Но ее сегодняшние мучительные мысли (с определенного возраста каждый день доставляет свои мучения) относились исключительно к настоящему. Более выдержанная, чем Каролина, более сообразительная, чем Катерина, Кончетта сразу поняла смысл визита генерального викария: теперь надо ждать изъятия всех или почти всех реликвий, замены картины в алтаре, возможно даже повторного освящения капеллы. В подлинность этих реликвий она и раньше мало верила и покупала их с тем же равнодушием, с каким отец покупает детям игрушки — чем бы дитя ни тешилось, лишь бы не плакало. О самих предметах она нисколько не жалела, они были ей безразличны; но что ее действительно беспокоило, что неотвязно преследовало целый день, это мысль о том, в каком неприглядном свете предстанет теперь семья Салина перед церковными властями, а очень скоро и перед всем городом. Замкнутость была одним из главных достоинств церкви в Сицилии, но это мало что значило: уже через месяц или через два все станет известно, как всегда становится известно на этом острове, которому больше бы подошло сравнение не с треугольником [89], а с сиракузским «Дионисиевым ухом» [90], разносящим на далекие расстояния каждый звук, даже самый тихий вздох. Кончетта дорожила уважением церкви, тем более что имя Салина постепенно утрачивало свой авторитет. Раздел и передел наследства привел к тому, что их состояние, по самым радужным подсчетам, не превышало состояний других, менее именитых семей и не шло ни в какое сравнение с состояниями богатых промышленников. Но в отношениях с церковью Салина продолжали сохранять свое превосходство. Надо было видеть, как архиепископ встречал трех сестер, когда они наносили ему визит в Рождество. А теперь что будет?
Вошла служанка.
— Ваше сиятельство, приехала княгиня. Автомобиль уже во дворе.

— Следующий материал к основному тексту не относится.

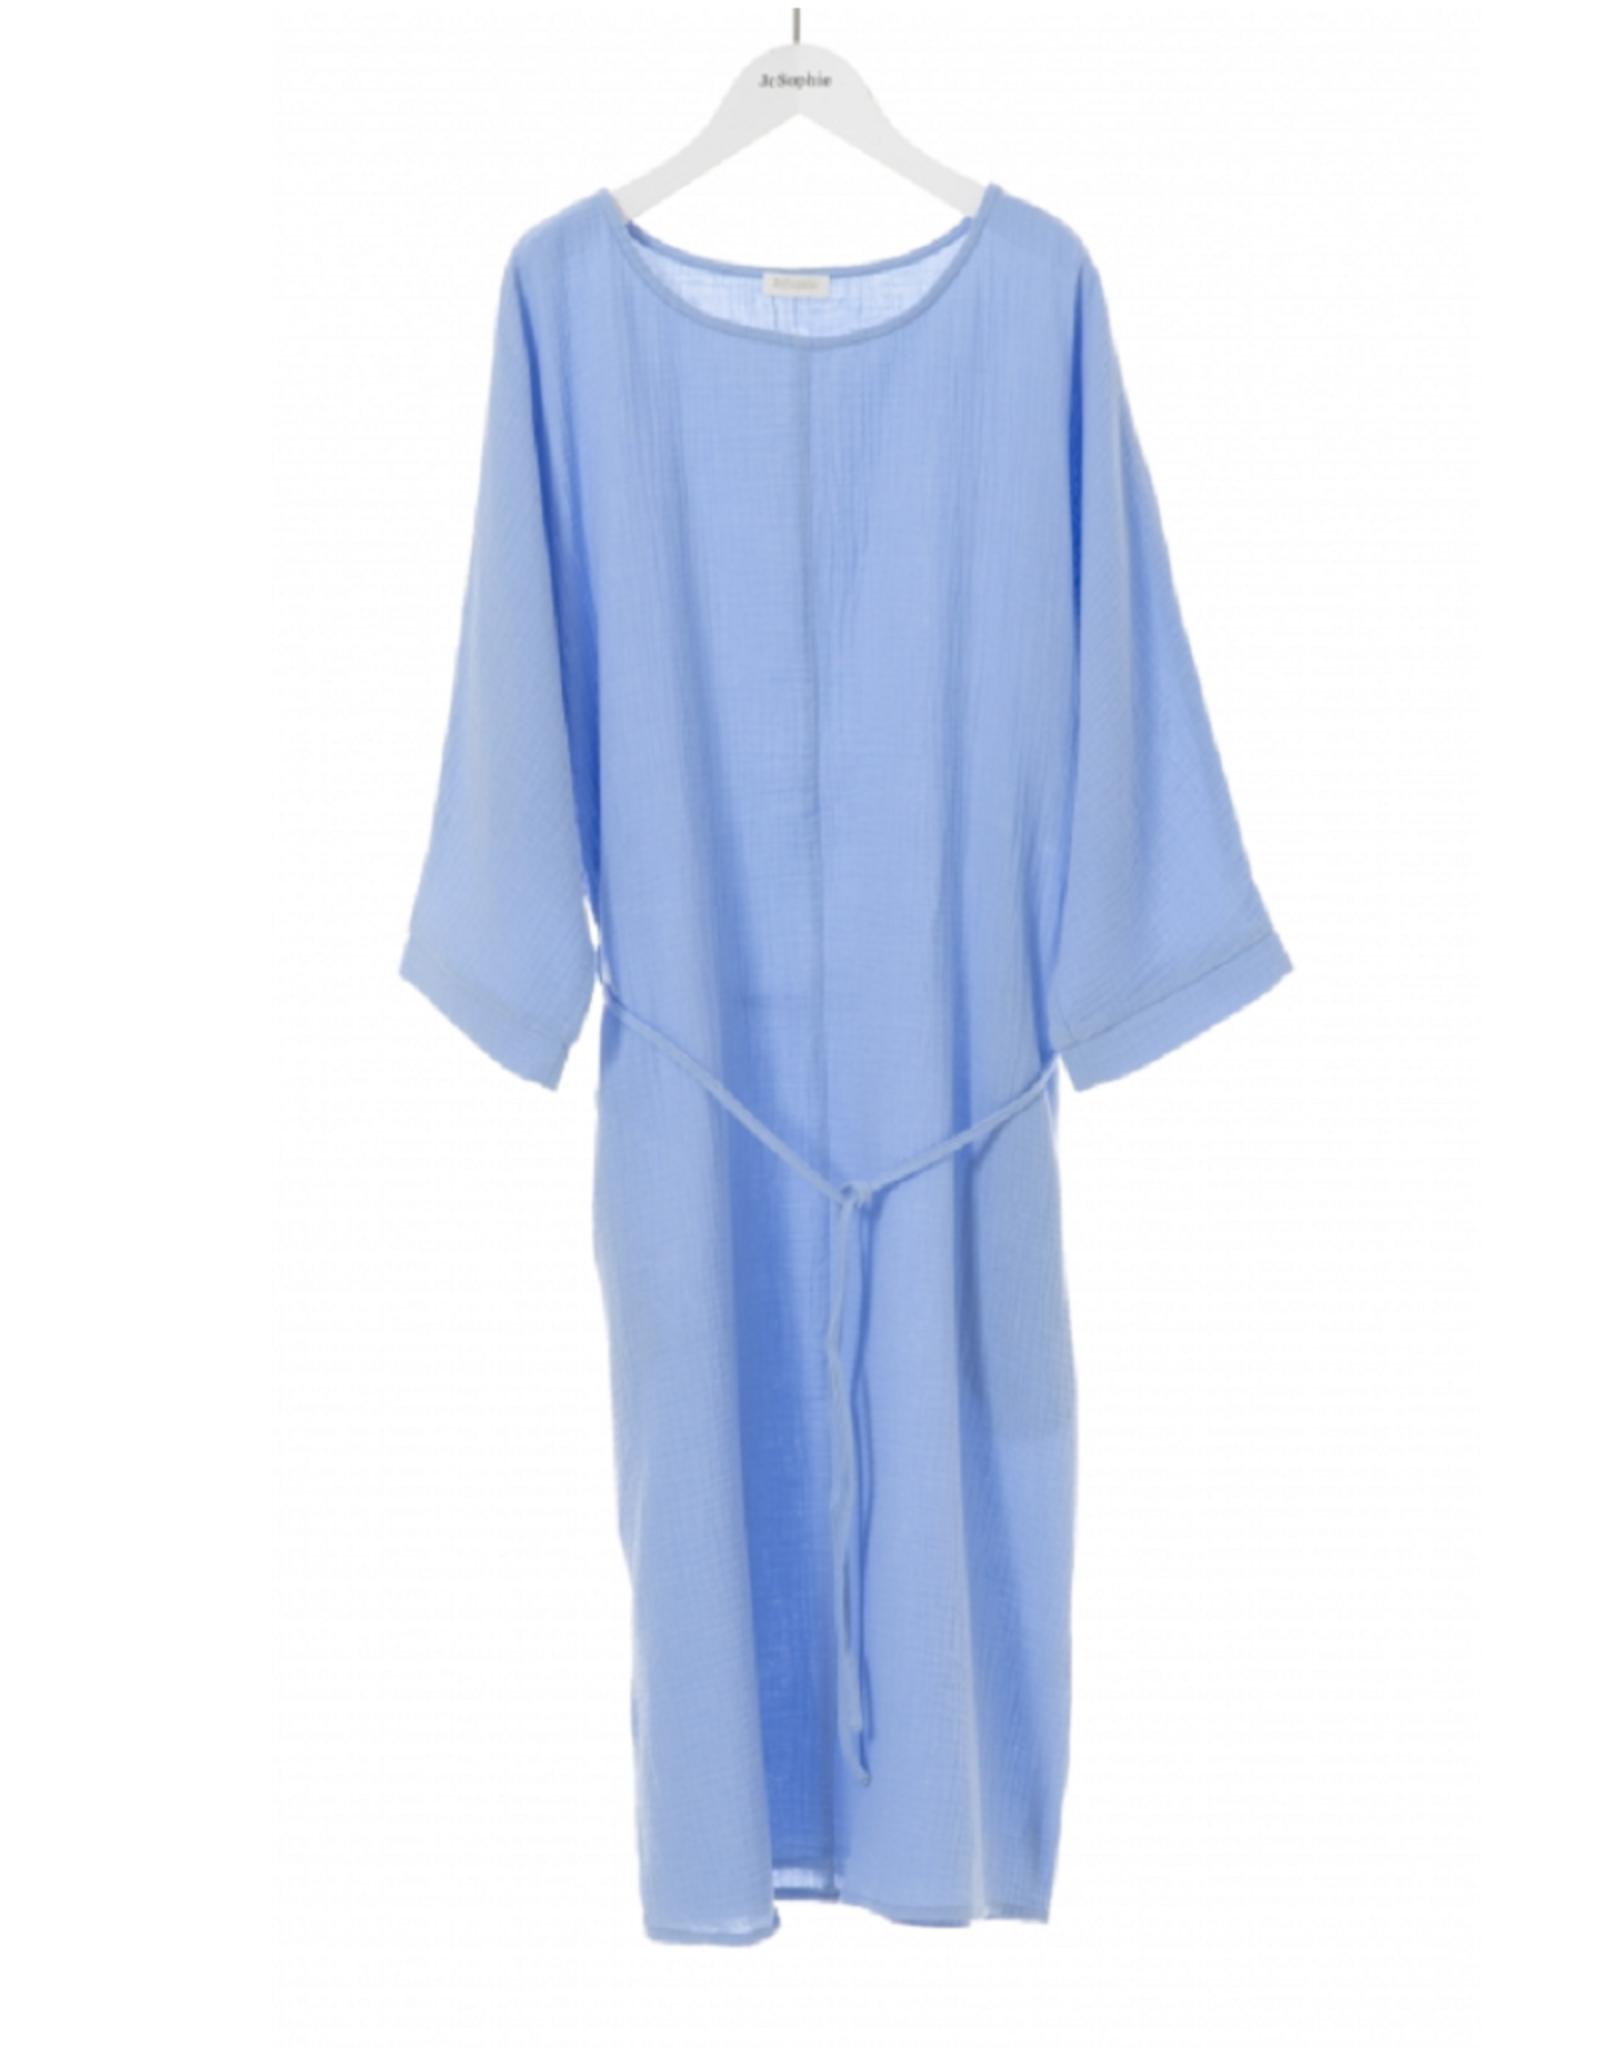 JcSophie JcSophie Graziella dress Sky blue
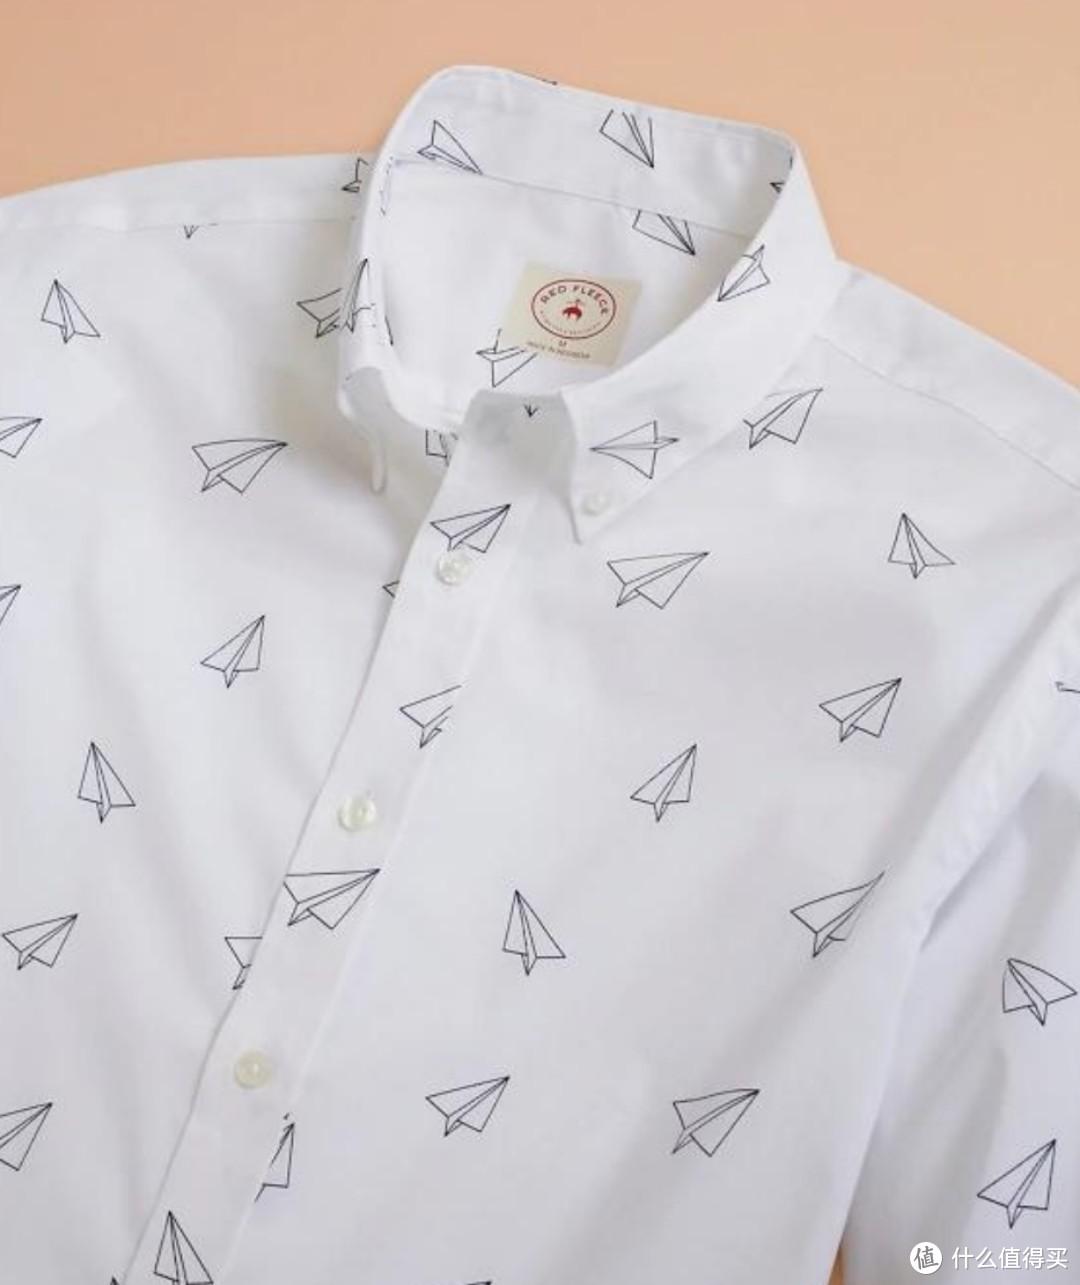 Brooks Brothers布克兄弟衬衫3折!美国总统御用商务男装!

Кончетта встала, поправила прическу, набросила на плечи черную кружевную шаль и вернула взгляду привычное величавое выражение. Когда она вышла в прихожую, Анджелике уже оставалось преодолеть последние ступени наружной лестницы: она страдала расширением вен, и ноги плохо держали ее, так что ей приходилось опираться на руку своего слуги, который, поднимаясь, подметал лестницу полами черного пальто.
— Кончетта, дорогая!
— Дорогая Анджелика! Как давно мы не виделись?
Со времени последнего приезда Анджелики прошло ровным счетом пять дней, но близость между двумя женщинами (сравнимая по чувствам и по расстоянию, на каком они жили друг от дружки, с близостью, которая через каких-нибудь несколько лет заставит брататься итальянцев и австрийцев, подняв их из соседних окопов [91]) была такова, что и пять дней могли показаться долгим сроком.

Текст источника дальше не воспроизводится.